Bulk file loading, e.g. photos from our smartphones, maybe the entire family uploads to the same storage repository
If performed by the “Ingestion Service”, manual user “tagging” of a group of photos, or individual images may be available.
Geotagging may be available either at the time of image capture , or upon the start of the “Ingestion Service”
Facial Recognition, compared to the likes of services such as Facebook, based on my experience, are not readily available to personal Cloud Storage repositories.
Auto tagging pictures upon ingestion, if performed, may leverage “Extracted Text” from images. Images become searchable with little human intervention.
Cloud File Repository: Storing Content
I created modified existing Microsoft Office files”tags”, in this case MS Word and PowerPoint file types were used. I opened the Word file, and selected “File” menu, “Save As” menu, then “More Options” under the list of file types. I was then presented with the classic “Save As” form. Just below the “Save as type” list box, there were 3 “metadata” fields to describe the file:
The first two fields are semi colon ; delimited and multiple values are allowed. In this test case, I added to the “Tags” field “CV;resume;career”. I then used the MS Windows Snipping Tool that comes with the OS to document the step. I called the file MSWordTags.PNG and saved this screen capture to my OneDrive. Then I saved the document itself on my OneDrive.
Cloud File Repository: Finding Content
I then started up Internet Explorer, and went to the https://onedrive.live.com site to access my cloud content. On the top left corner of the screen, there is a field called “Search Everything”, and I typed in CV.
The search results included ONLY the image screenshot file that contained the letters CV, and not the MS Word file that explicitly had the Tag field with the text value CV.
Looking at the file properties as defined by OneDrive, there was ALSO a field called “Tags” with no values populated. For example, the Cloud “Ingestion” service did not read the file for metadata, and abstract it to the Cloud level. just two separate sets of metadata describing the same file. To view the Cloud file data, select the file, and there is an i with a circle around it. Too many ways to store the same data, and may lead to inconsistent data.
For the Cloud file information / properties, the image file had a field called “Extracted Text”, and this is how the search picked up the CV value in the Cloud Search for my files with the “CV” tag.

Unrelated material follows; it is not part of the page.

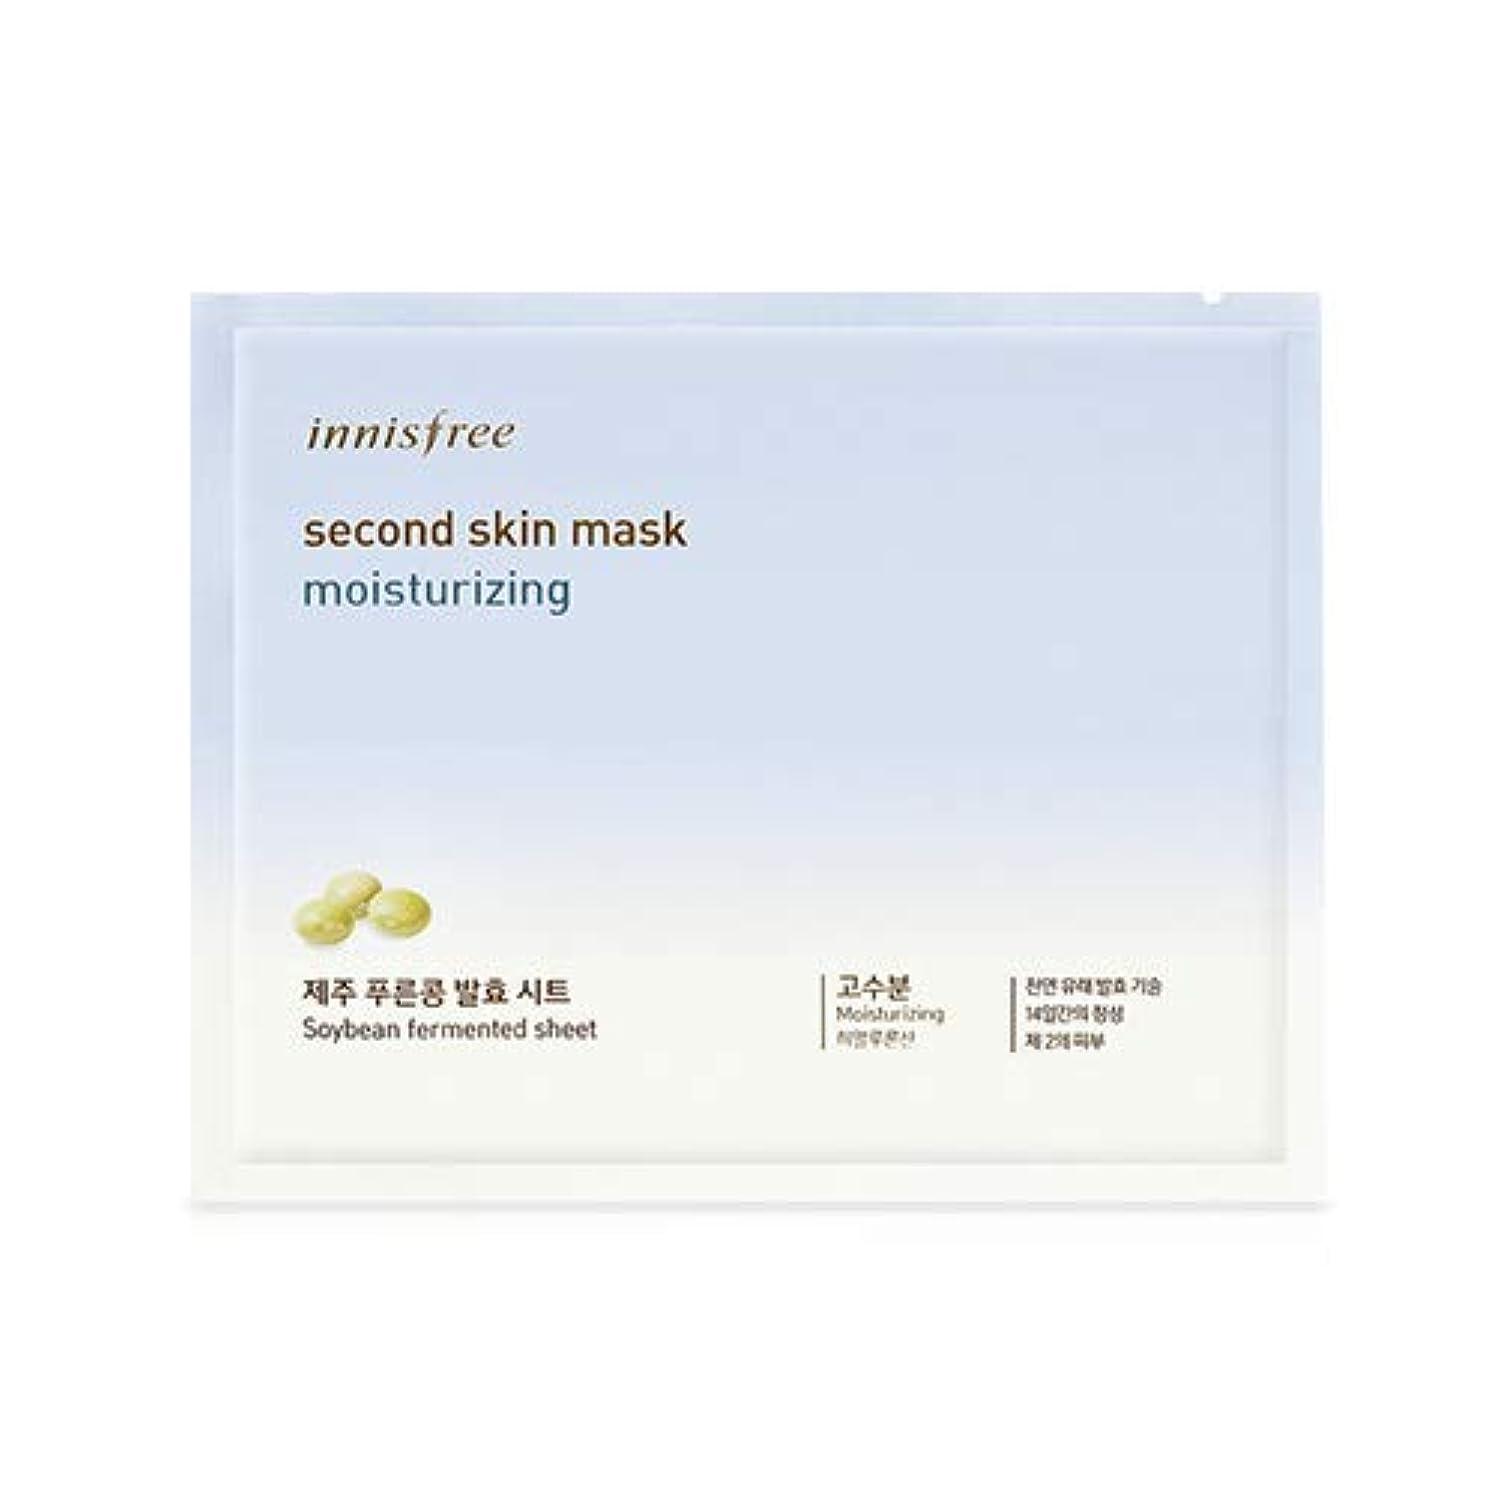 ラウンジ合理化拮抗する[Original] イニスフリーセカンドスキンマスクシート20g x 3個 - モイスチャライジング/Innisfree Second Skin Mask Sheet 20g x 3pcs - Moisturizing...

Oddly, the MS Word file attributes in OneDrive did not offer “tags” as a field to store meta data in the cloud. The “tags” field was available when looking at the PNG file. However, the user may add a “Description” in a multiline text field. Tags metadata on images and not MS Word files? Odd.
Future State (?): If the Cloud Ingestion process can perform an “Extracted Text” process, it may also have other “Ingestion services”, such as “Facial Recognition” from “known good” faces already tagged. e.g. I tag a face from within the OneDrive browser UI, and now when other images are ingested, there can be a correlation between the files.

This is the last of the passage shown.